On this test, narrower tires rolled faster than similar tires in wider widths, and they would be lighter and accelerate faster as well. While the separate chunks of steel welded onto the surface of the test drum are rough and 30kph over it is fast, rougher surfaces demand bigger tires. There is also an energy-saving benefit to the rider to have more comfort and not be bounced around as much.

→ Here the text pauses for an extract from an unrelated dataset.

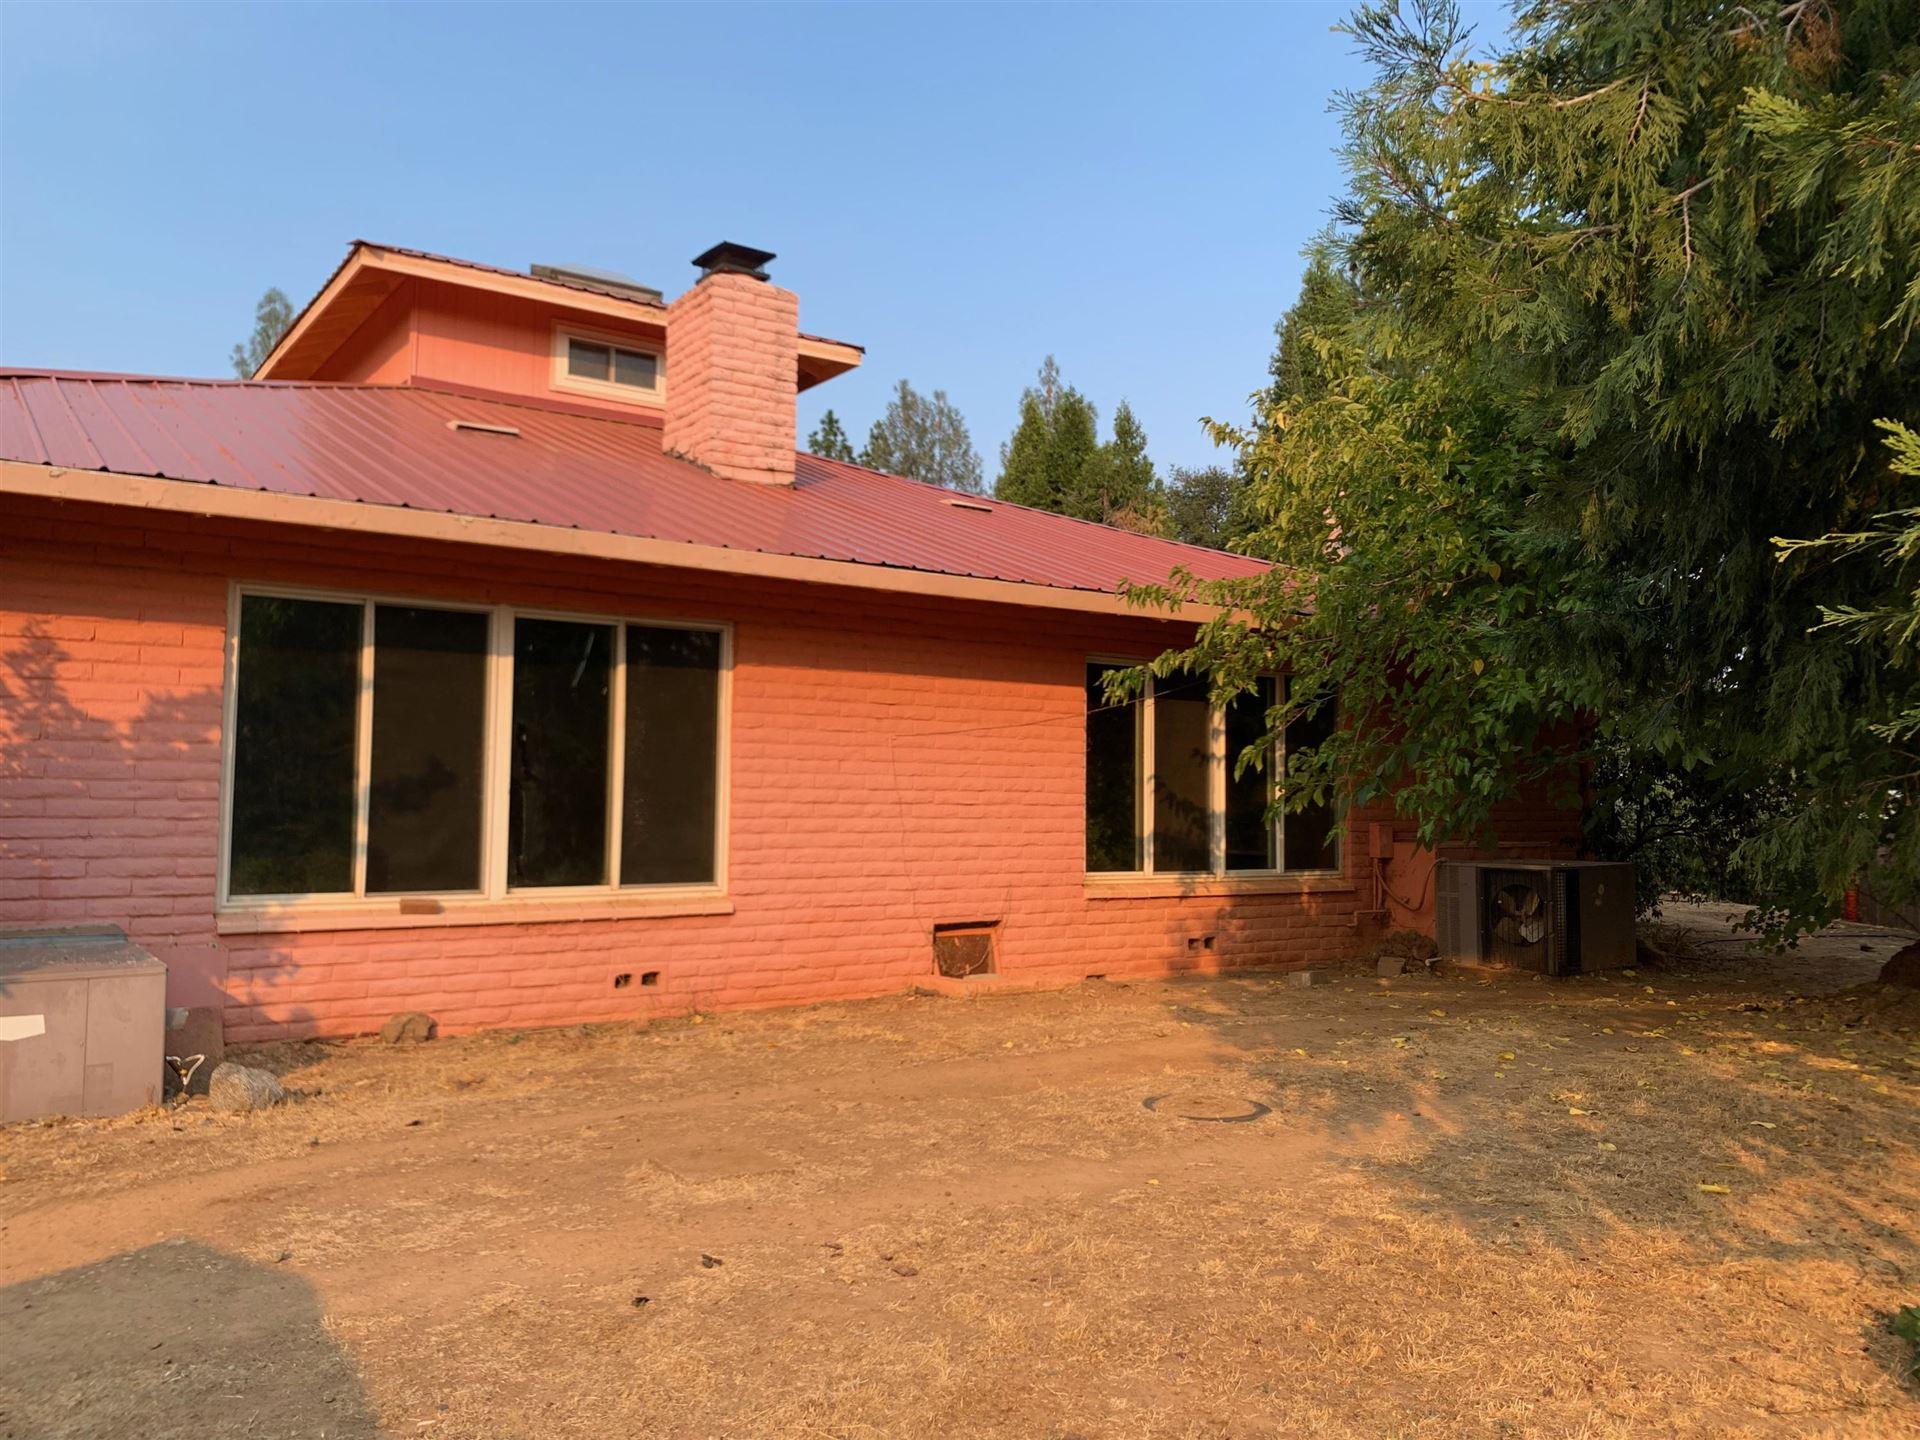 Photo of 17923 Ranchera Rd, Shasta Lake, CA 96019 (MLS # 21-4016)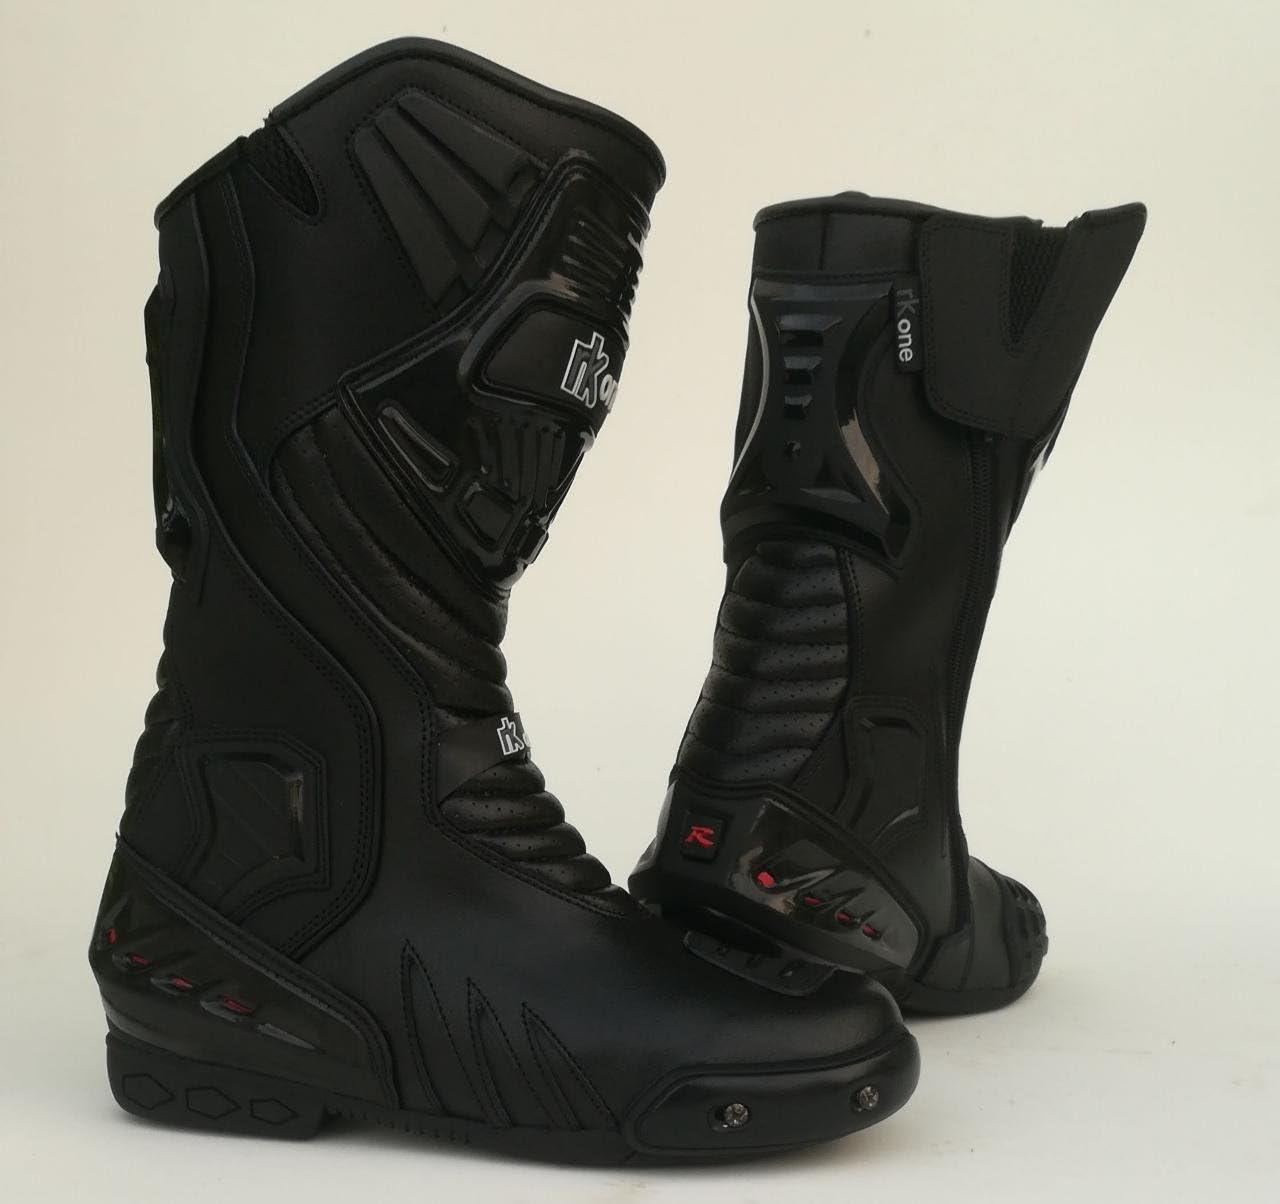 RKsports RKone Racer Waterproof Motorbike Motorcycle Boots Black

As for air pressure, testing by top teams with power meters on the roughest Paris-Roubaix sections found the fastest setup that also prevented rim damage and pinch flats was 0.5-1 bar lower than the pressure we found to roll fastest on this same lab test. This also applied to the winner, who won on the second-fastest tire in our test. The damping in Wheel Energy’s pull shock is probably less than the damping of the human body. It may make sense to use 0.5-1 bar (7-14 psi) lower pressure on rough dirt than this test predicts. On smoother dirt, using the same pressure for minimum rolling resistance in this test is likely the fastest.